明末:我的金手指是现代大国 第304节

  魏昶君猛地挥手。

  “彼其娘之,谁欺压过自己人,谁克扣过你们的粮饷,统统说出来!红袍军为你们做主!”

  人群中有人开始发抖,赫然是站在最前方的一群百户,千户。

  一阵死寂后,一个瘦小的士兵突然冲出队列。

  “小的要告发千总刘大胡子!他......他贪了我们半年的饷银,还把我妹子的救命钱......”

  话没说完,这个叫李三的士兵已经泣不成声。

  就像打开了闸门,越来越多的士兵站出来控诉。

  有人揭发校尉强占军田,有人哭诉将领逼迫他们去抢劫百姓。

  魏昶君冷眼看着这一切,嘴角浮现出一丝不易察觉的笑意。

  他早就派启蒙师混入军中收集证据,今日这场诉苦大会,不过是为了让这些士兵彻底与过去决裂。

  “把那些喝兵血的畜生带上来!”

  魏昶君一声令下,十几个被五花大绑的军官被推上高台。

  其中就有赵大嘴的千总刘大胡子,那张曾经不可一世的脸上此刻满是惊恐。

  “斩!”

  魏昶君的命令干脆利落。

  鬼头刀落下时,赵大嘴闭上了眼睛。

  心脏剧烈跳动中,他又想起了十五年前,为了省钱,被那时还是百户的刘大胡子下令丢入冰窟中的弟兄。

  十五年来的怨恨,在这一刻突然释然了。

  但再睁眼的时候,赵大嘴才发现,自己早已泣不成声。

  吴三桂站在军中,看着自己一手带起来的亲信被当众处决,那些曾经对他唯命是从的士兵,此刻眼中闪烁着一种他从未见过的光芒。

  他忽然觉得脚有些软。

  那不是对权力的畏惧,而是一种......觉醒?

  “将军,咱们的人......”

  副将王发声音发抖。

  启蒙师接连拿出证据,除了十几名被斩的百户,千户,还有没那么严重罪行,譬如殴打将士,欺侮袍泽,抢夺银两的关宁将领,则按照红袍军修订之军规,依次剥去甲胄,送入工厂,矿山改造。

  目睹这一幕的吴三桂,如今后背已经湿透。

  他抬头望向灰蒙蒙的天空,突然意识到,这个世道真的变了。

  那些曾经任由将领打骂的士兵,现在居然成了人?

  三日后,吴三桂率军离开京师。

  赵大嘴站在城墙上,望着远去的队伍,他的启蒙师是个年轻的读书人,穿的衣服比他们还破旧,但一双眼睛永远明亮,充满热忱和希望,昨天刚教他们认了三个字,人、民、兵。

  “赵大哥,你在想什么?”

  同样是关宁军出身的李三凑过来,看着这位昔日暮气沉沉的老卒认真识字的模样,笨拙,但一笔一划都没停下。
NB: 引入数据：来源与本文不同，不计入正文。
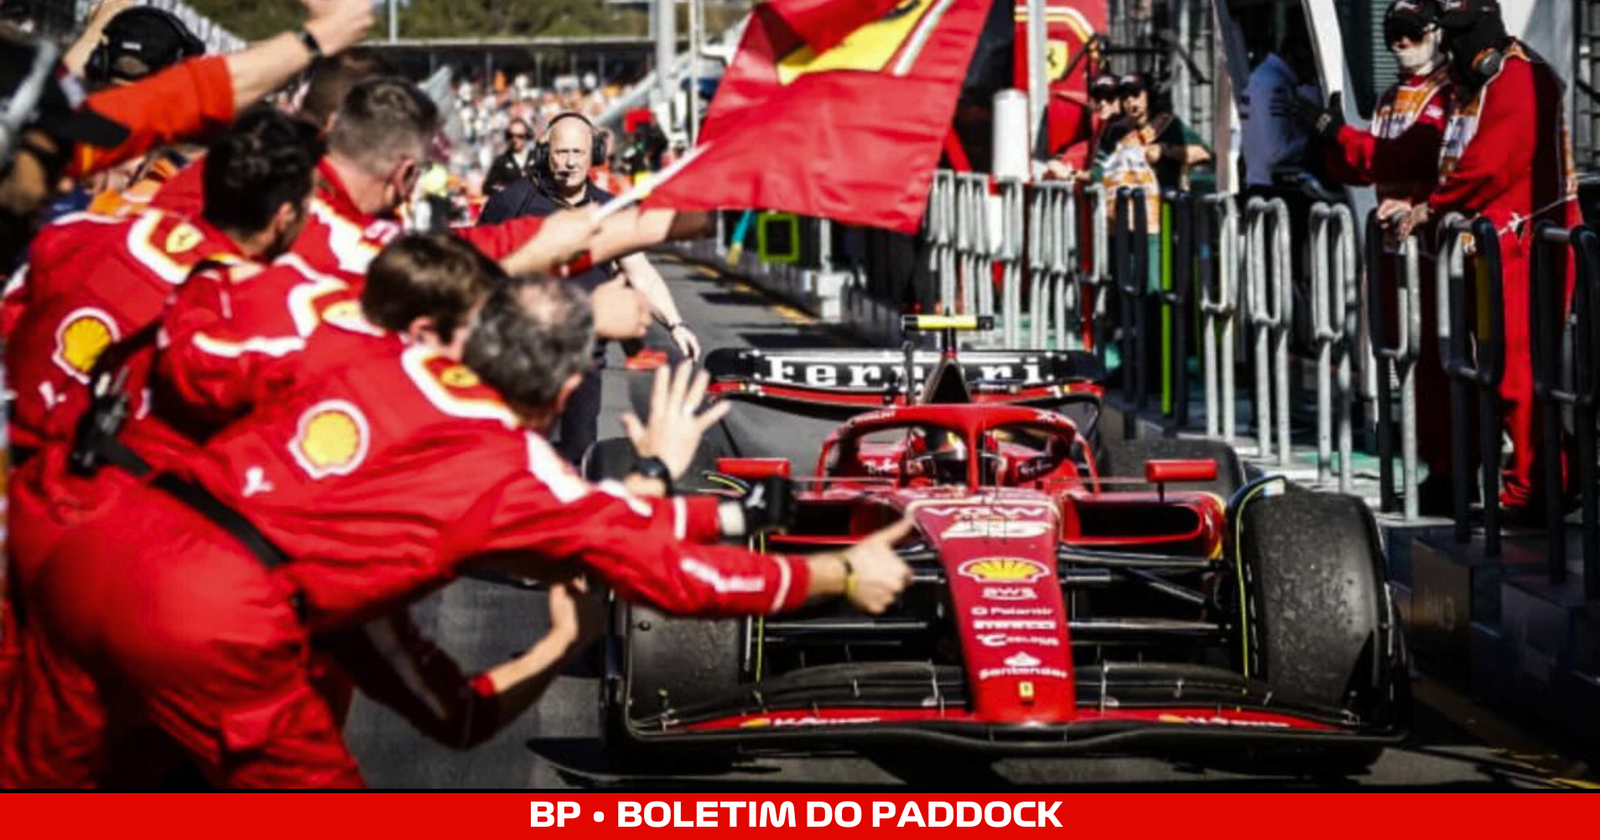 BPCast 248 • Análise do Grande Prêmio da Austrália de Fórmula 1: Carlos Sainz domina, vence e conduz a Ferrari para uma dobradinha, roubando para si o protagonismo da equipe italiana • BP • Boletim do Paddock

  赵大嘴摸了摸新发的红袍,胸口处等赫然绣着一个安字,那是安定军的标志。

  “我在想,咱们现在......算是人了?”

  李三愣了一下,突然红了眼眶。

  “是啊,咱们是人了。”

  “嘿嘿,从今天开始,咱都是百姓的子弟兵。”

  赵大嘴站在军营的老树下,乐呵呵的摩挲着胸口的字。

  “以后再也没人欺负咱了,咱也能帮助更多人不被人欺负。”

  “安定军,真好听。”

  寒风中,两个老兵相视而笑。

  远处的天际,一缕阳光刺破乌云,照在京师斑驳的城墙上。

  而远去的吴三桂只是在马上苦笑着。

  他彻底意识到,这些兵马,已经不属于自己了。

第415章 不辜负任何百姓

  夜风卷着良乡郊外的雪,吹进京师的窗棂。

  魏昶君披着一件洗得发白的粗布袍子,手里提笔,在麻纸上勾画着密密麻麻的物资清单。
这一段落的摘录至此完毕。